ADHD in adults usually manifests as lack of focus, aloofness, short-term memory problems and, as mentioned, poor executive functioning. Proper diagnosis is the first step. This paper helps us to understand the clinical diagnosis, broadens the scope and simplifies the process in making an initial diagnosis in much the same way that Aaron Beck and others did with the diagnosis of depression. The final ASRS scale included just six questions, which are:
- How often do you have difficulty concentrating on what people say to you, even when they are speaking to you directly? (DSM-5 A1c)
- How often do you leave your seat in meetings or other situations in which you are expected to remain seated? (DSM-5 A2b)
- How often do you have difficulty unwinding and relaxing when you have time to yourself? (DSM-5 A2d)
- When you’re in a conversation, how often do you find yourself finishing the sentences of people you are talking to before they finish them themselves? (DSM-5 A2g)
- How often do you put things off until the last minute? (Non-DSM)
- How often do you depend on others to keep your life in order and attend to details? (Non-DSM)
Adults were asked to respond to each question as follows: How often have the symptoms in the question occurred over the last six months: never (0), rarely (1), sometimes (2), often (3) and very often (4).
The test achieved a total accuracy rating (when including false positives and false negatives) of 67.3% in the general population and 82.8% in the clinical population. The authors conclude:
“The new scale is short, easily scored, can detect nearly all of adult ADHD cases in the general population with high sensitivity and specificity, and discriminates well among patients presenting for evaluation and specialty treatment.”

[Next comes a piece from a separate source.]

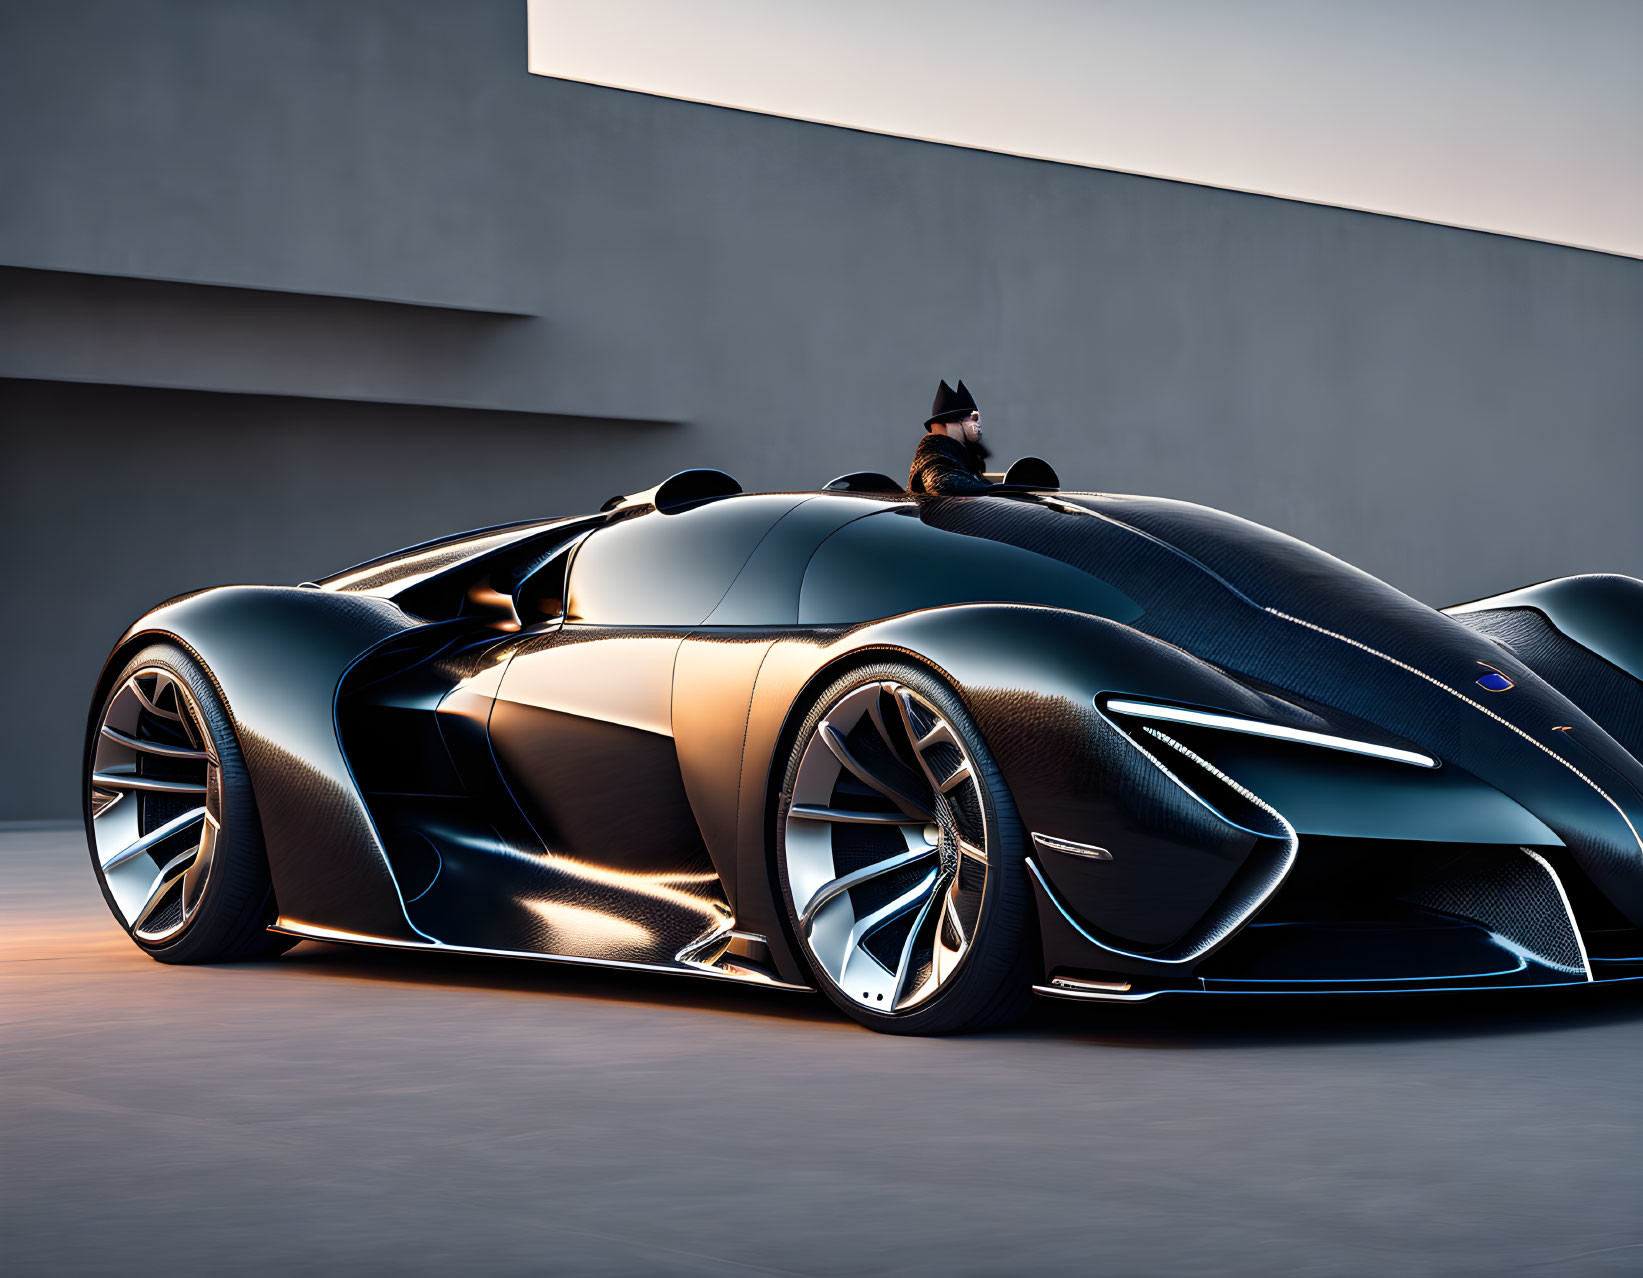 Futuristic black supercar with aerodynamic curves in minimalistic twilight setting

Identifying ADHD at any stage of life is important. For addiction treatment professionals working with adults, the new ASRS screening tool will make it easier to diagnose ADHD that often co-occurs with addiction and depression. The more we understand that although addictive disease is primary, it has predictable co-morbidities, the better they can be addressed, improving treatment outcomes and saving lives.